++++ Data block ++++

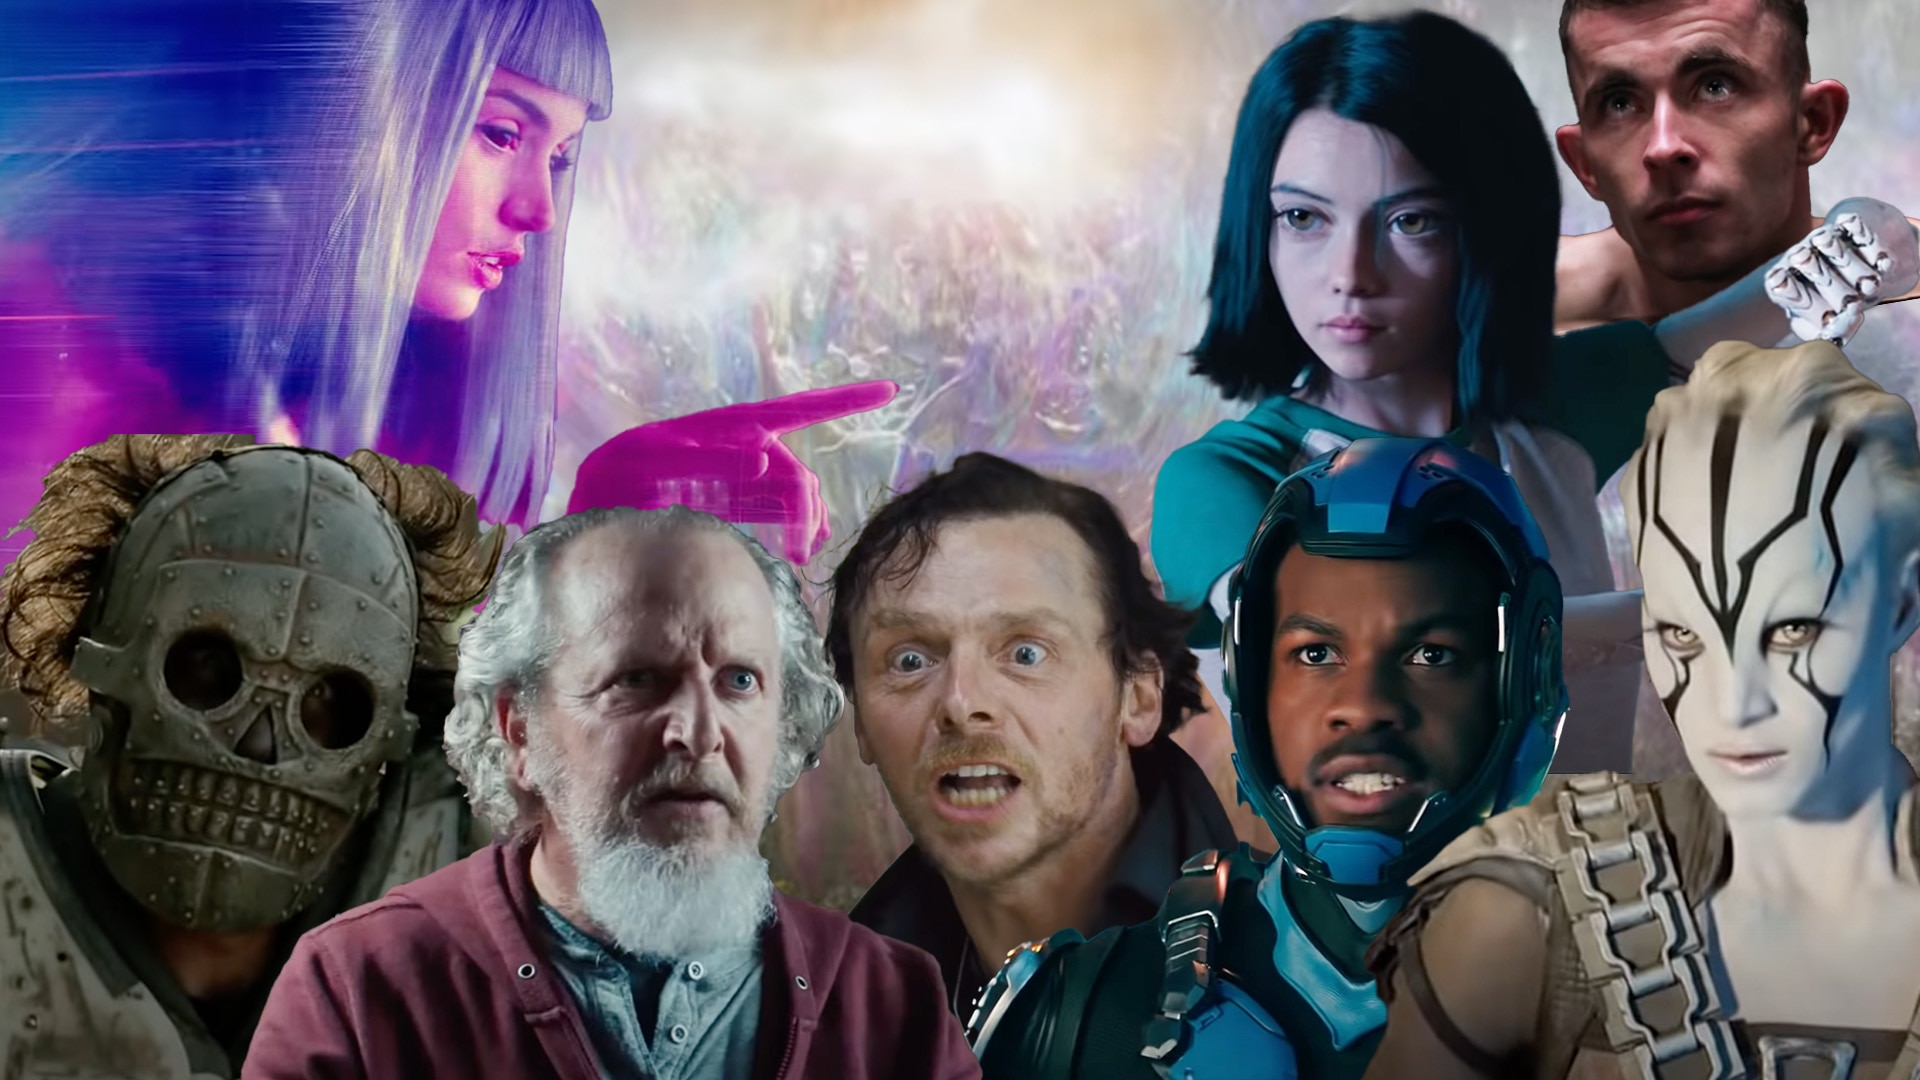 Top 10 sci-fi and fantasy movies of all time 
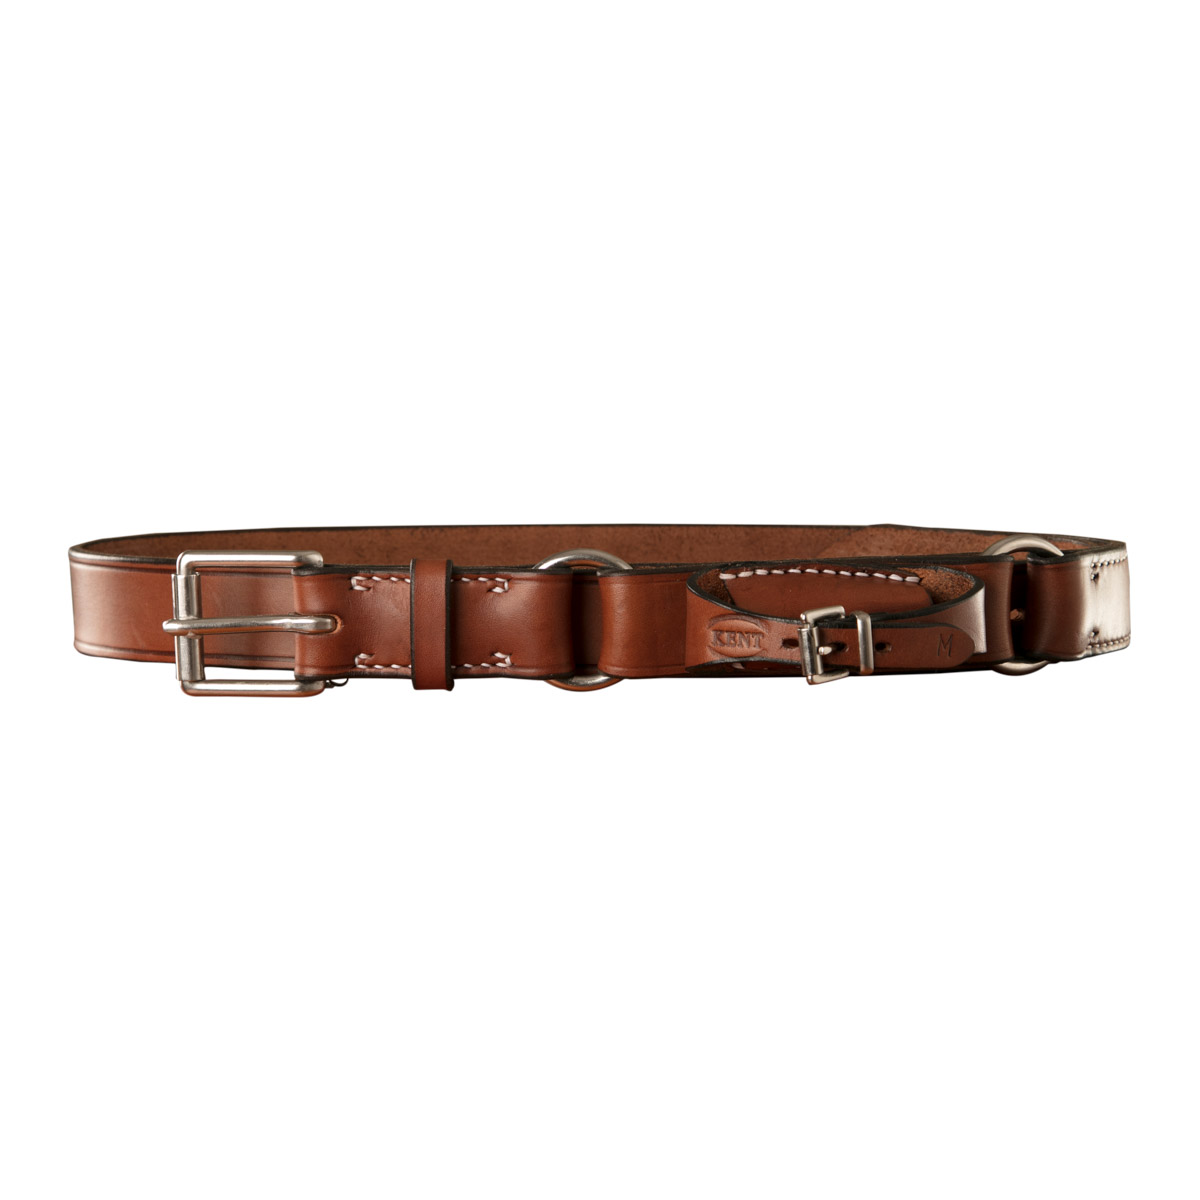 Stockmans Hobble Style Belt, Solid Leather, with Stainless Steel Roller Buckle, 2 Rings and Pouch for Pocket Knife 1
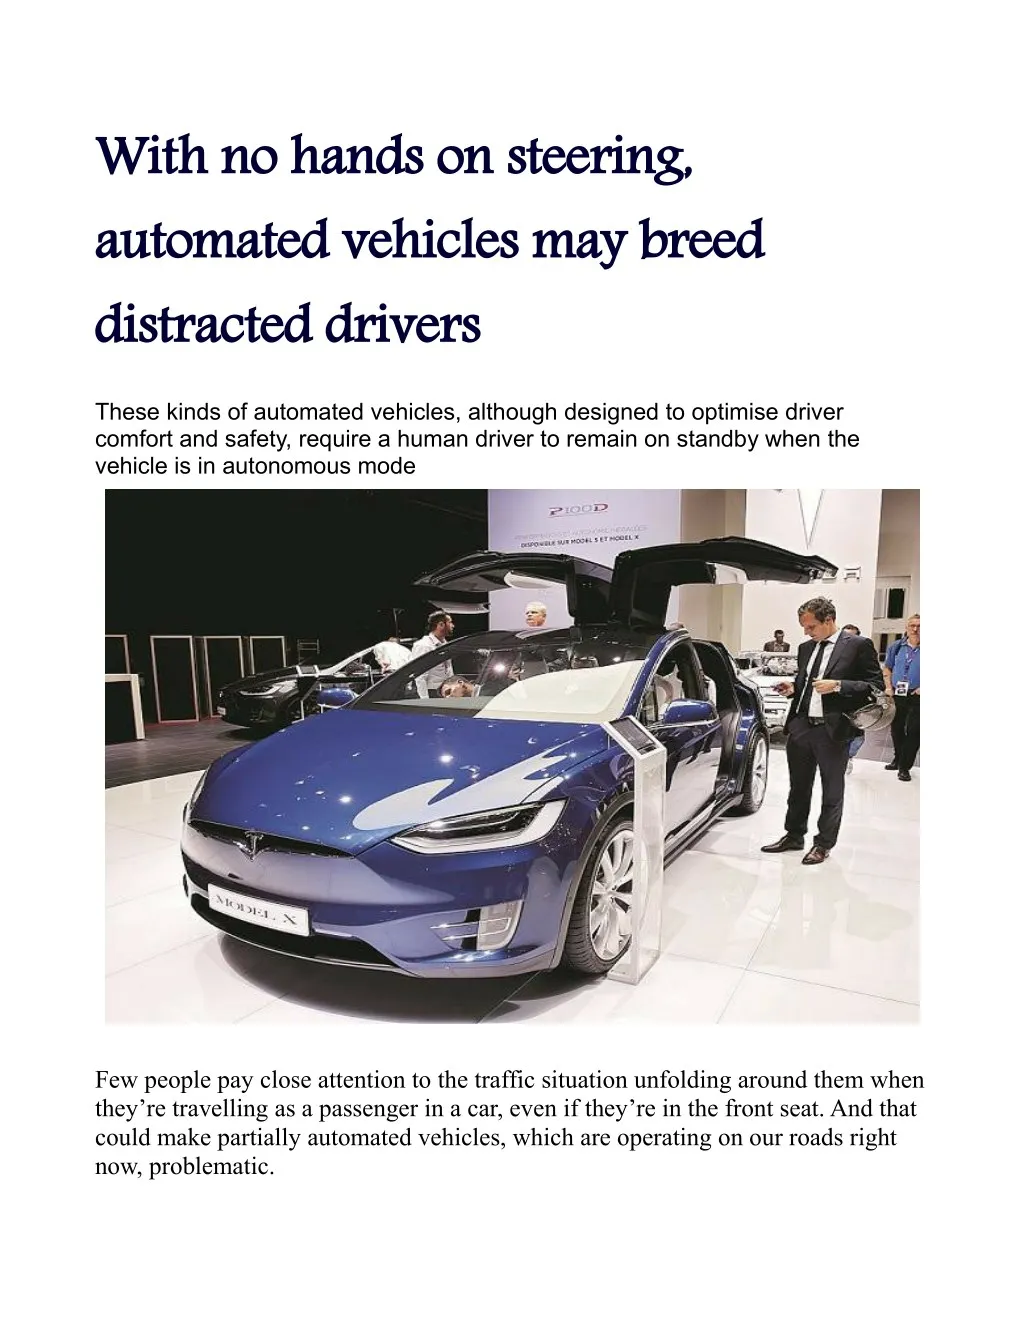 with no hands on steering automated vehicles

++++

Task brief: Could you copy the lines above exactly and skip the images?

Output of the exercise:
 Top 10 sci-fi and fantasy movies of all time 
 Stockmans Hobble Style Belt, Solid Leather, with Stainless Steel Roller Buckle, 2 Rings and Pouch for Pocket Knife 1
 with no hands on steering automated vehicles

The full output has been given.